Scope of work during FCL
After the Incident Review is completed, the team(s) focus is on preventing similar problems from recurring and improving detection. This should include, but is not limited to:
- Address immediate corrective actions to prevent incident reoccurrence in the short term
- Introduce changes to reduce incident detection time (improve collected metrics, service level monitoring, which users are impacted)
- Introduce changes to reduce mitigation time (improve rollout process through feature flags, and clean rollbacks)
- Ensure that the incident is reproducible in environments outside of production (Detect issues in staging, increase end-to-end integration test coverage)
- Improve development test coverage to detect problems (Harden unit testing, make it simpler to detect problems during reviews)
- Create issues with general process improvements or asks for other teams
Examples of this work include, but are not limited to:
- Fixing items from the Incident Review which are identified as causal or contributing to the incident.
- Improving observability
- Improving unit test coverage
- Adding integration tests
- Improving service level monitoring
- Improving symmetry of pre-production environments
- Improving the GitLab Performance Tool
- Adding mock data to tests or environments
- Making process improvements
- Populating their backlog with further reliability work
- Security work
- Improve communication and workflows with other teams or counterparts
Any work for the specific team kicked off during this period must be completed, even if it takes longer than the duration of the FCL. Any work directly related to the incident should be kicked off and completed even if the FCL is over. Work paused due to the FCL should be the priority to resume after the FCL is over. Items created for other teams or on a global level don’t affect the end of the FCL.
A stable counterpart from Infrastructure will be available to review and consult on the work plan for Development Department FCLs. Infrastructure FCLs will be evaluated by an Infrastructure Director.
The Product Analytics team is responsible for maintaining Engineering Performance Indicators. Work regarding KPI / RPI is tracked using the Product Analytics task intake tracker.
Manual verification
We manually verify that our code works as expected.
Automated test coverage is essential,
but manual verification provides a higher level of confidence that features behave as intended and bugs are fixed.
We manually verify issues when they are in the workflow::verification
state.
Generally, after you have manually verified something, you can close the associated issue.

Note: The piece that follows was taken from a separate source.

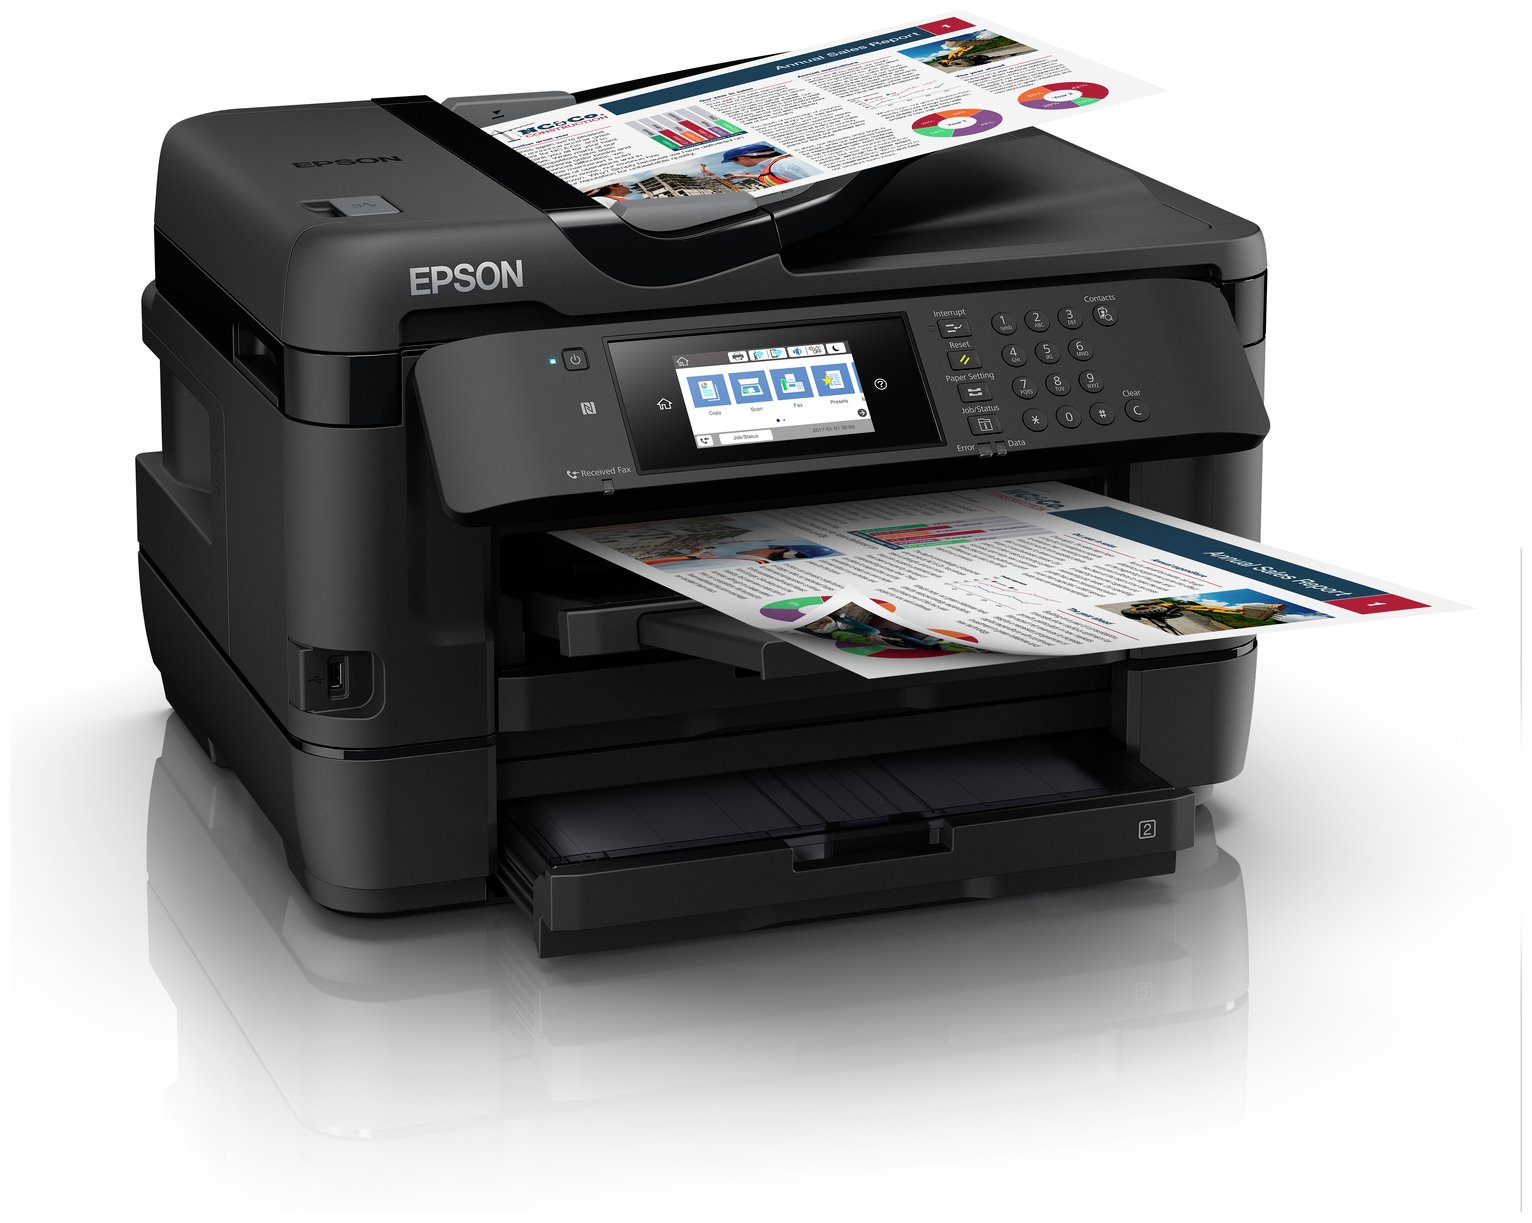 Epson Workforce Wf 7720 All In One Wireless Printer Reviews 8925
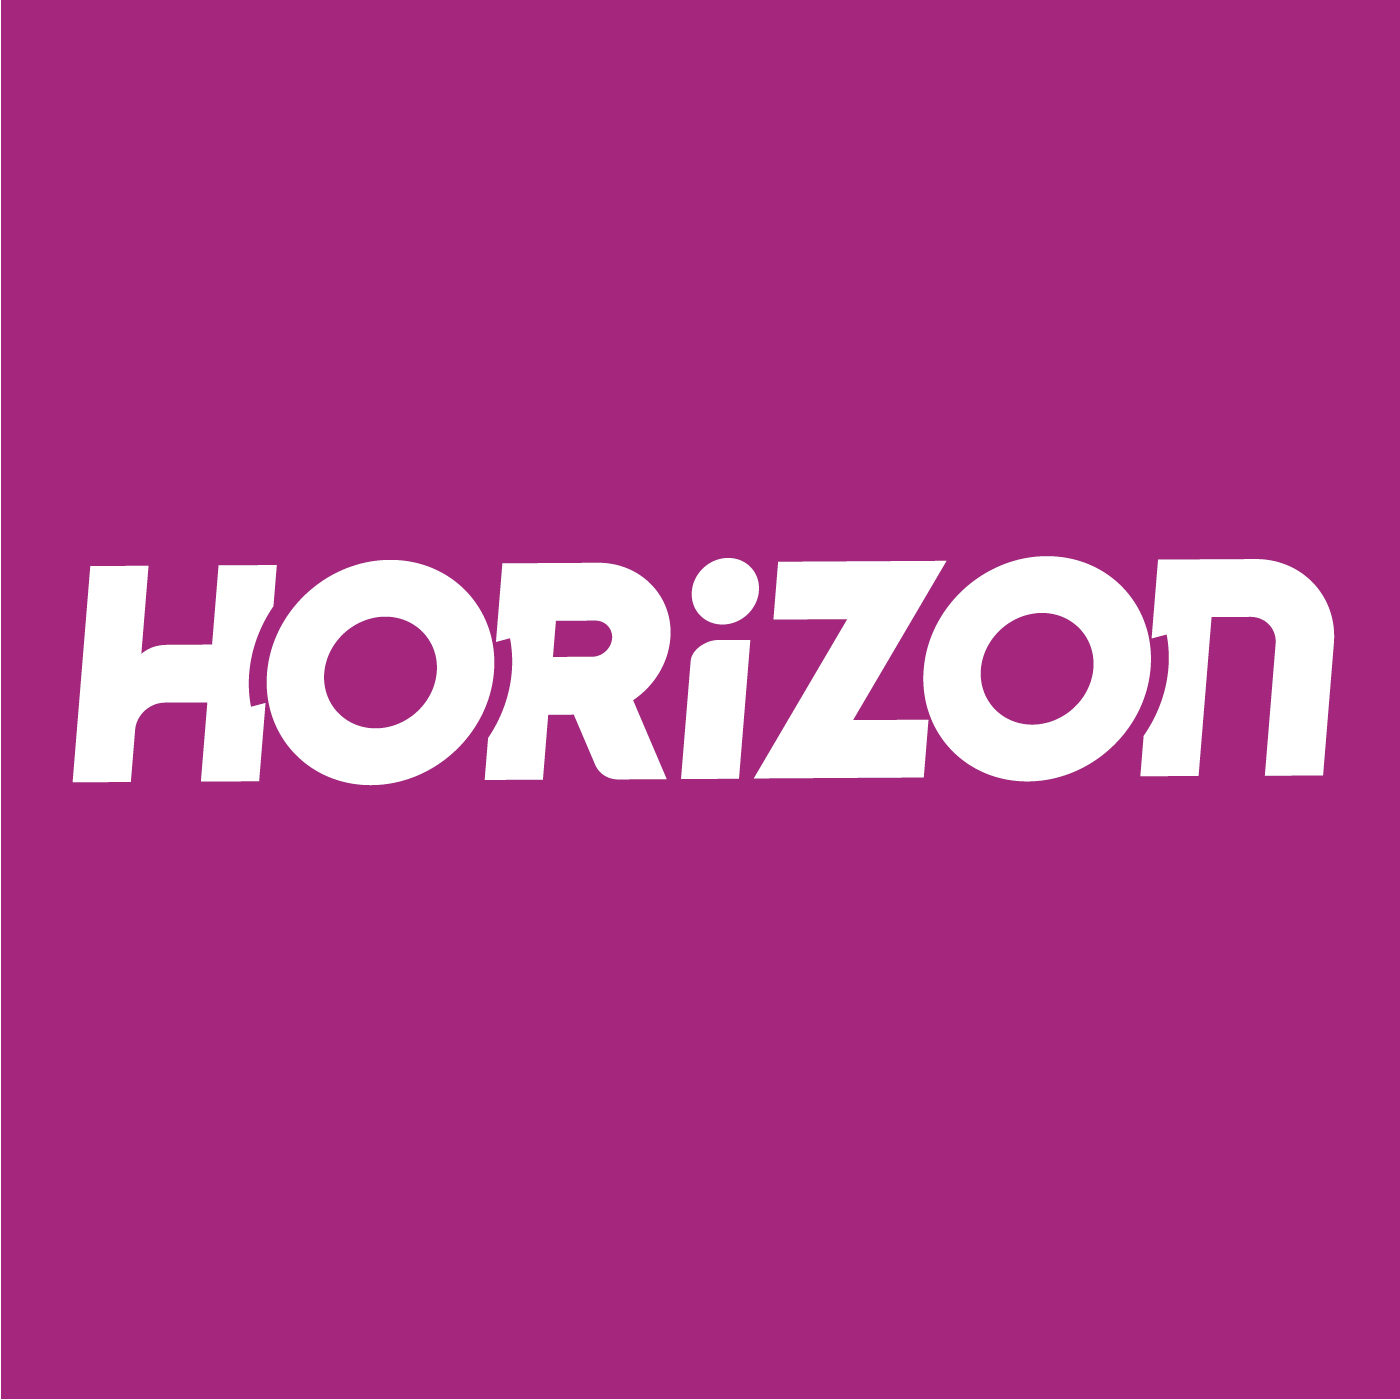 Ecouter la radio d'Horizon Actu'

See the Product Development Flow to learn more about this issue state.
We manually verify in the staging environment whenever possible.
In certain cases we may need to manually verify in the production environment.
If you need to test features that are built for GitLab Ultimate then you can get added to the issue-reproduce
group on production and staging environments by asking in the #development Slack channel.
These groups are on an Ultimate plan.
Critical Customer Escalations
We follow the below process when existing critical customer escalations
requires immediate scheduling of bug fixes or development effort.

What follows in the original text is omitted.